>> The example is a very active web site, the flow is this:
>>
>> query for session information
>> process HTTP request
>> update session information
>>
>> This happens for EVERY http request. Chances are that you won't have
>> concurrent requests for the same row, but you may have well over 100
>> HTTP
>> server processes/threads answering queries in your web server farm.
>
> You're crazy :) Use memcache, not the DB :)
>
I actually have what I consider a better and more complete session handler
system. MCache formally MSession. (http://www.mohawksoft.org/?q=node/8) I
mean, it implements a LOT of nifty features, loadable function modules,
collision safe counters and operators, ability to save session data to
file or SQL database and at varying levels of caching, but that doesn't
mean it is used.
Technologies like memcached and my mcache are a separate data store. Your
session data is not usable anywhere but in your web system. I have gone as
far as to write a session serializer for PHP that outputs XML, a
PostgreSQL plugin that can extract data from the XML session string, and a
set of functions for interfacing mcache with PostgreSQL and I still have a
hard time convincing clients that this is the right way to go.

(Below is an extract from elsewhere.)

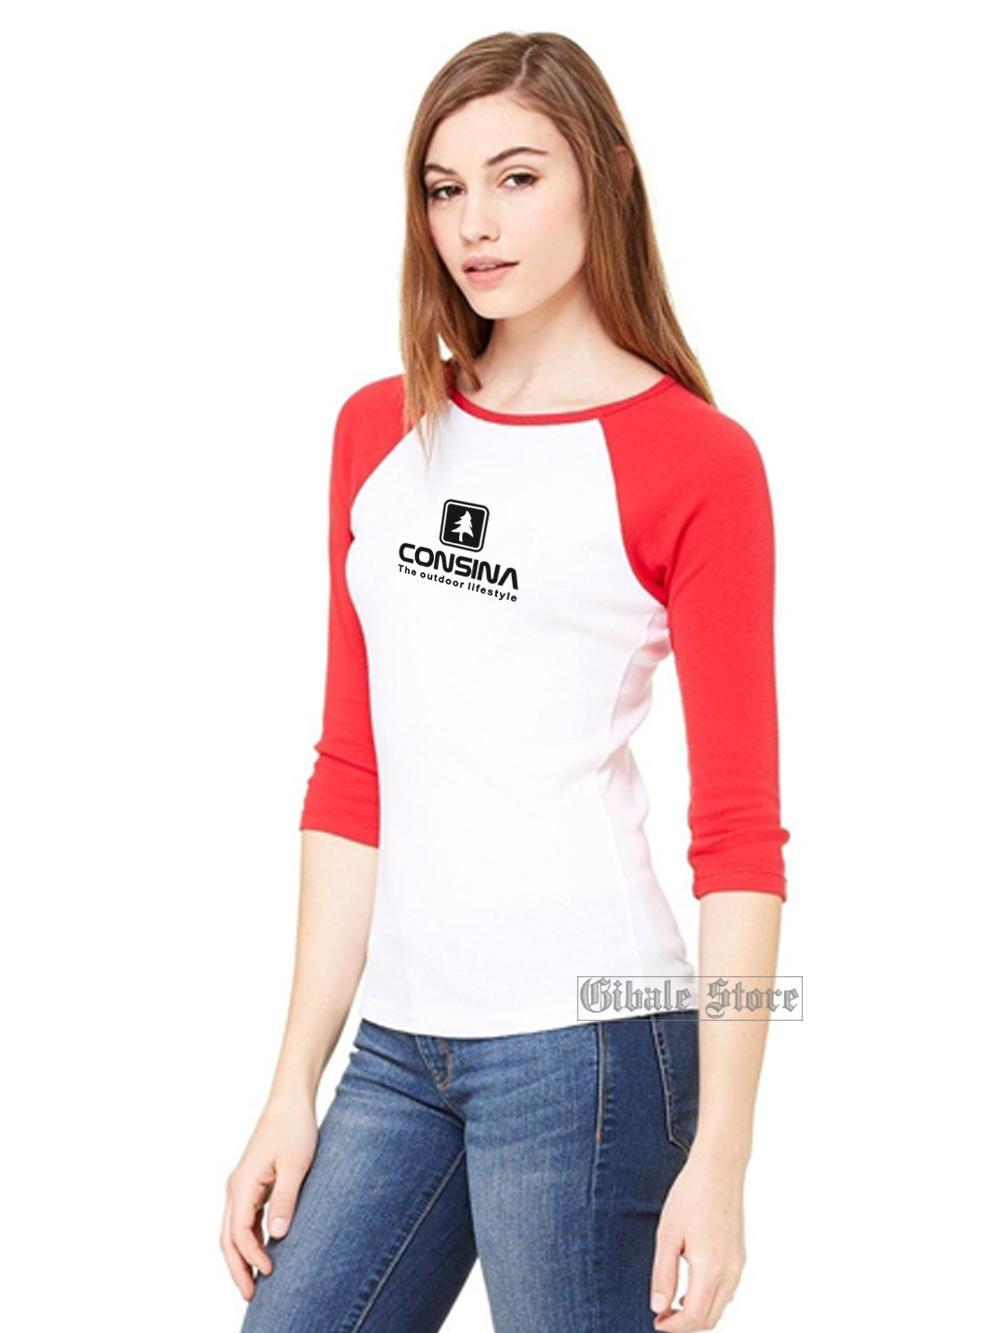 Gibale Store - Kaos Polos Wanita / Kaos Raglan / Kaos Olahraga - Consina Outdoor Style / Kaos Warna Hitam - Biru Dongker - Marun - Putih

While we all know session data is, at best, ephemeral, people still want
some sort of persistence, thus, you need a database. For mcache I have a
couple plugins that have a wide range of opitions, from read/write at
startup and shut down, to full write through cache to a database.
In general, my clients don't want this, they want the database to store
their data. When you try to explain to them that a database may not be the
right place to store this data, they ask why, sadly they have little hope
of understanding the nuances and remain unconvinced.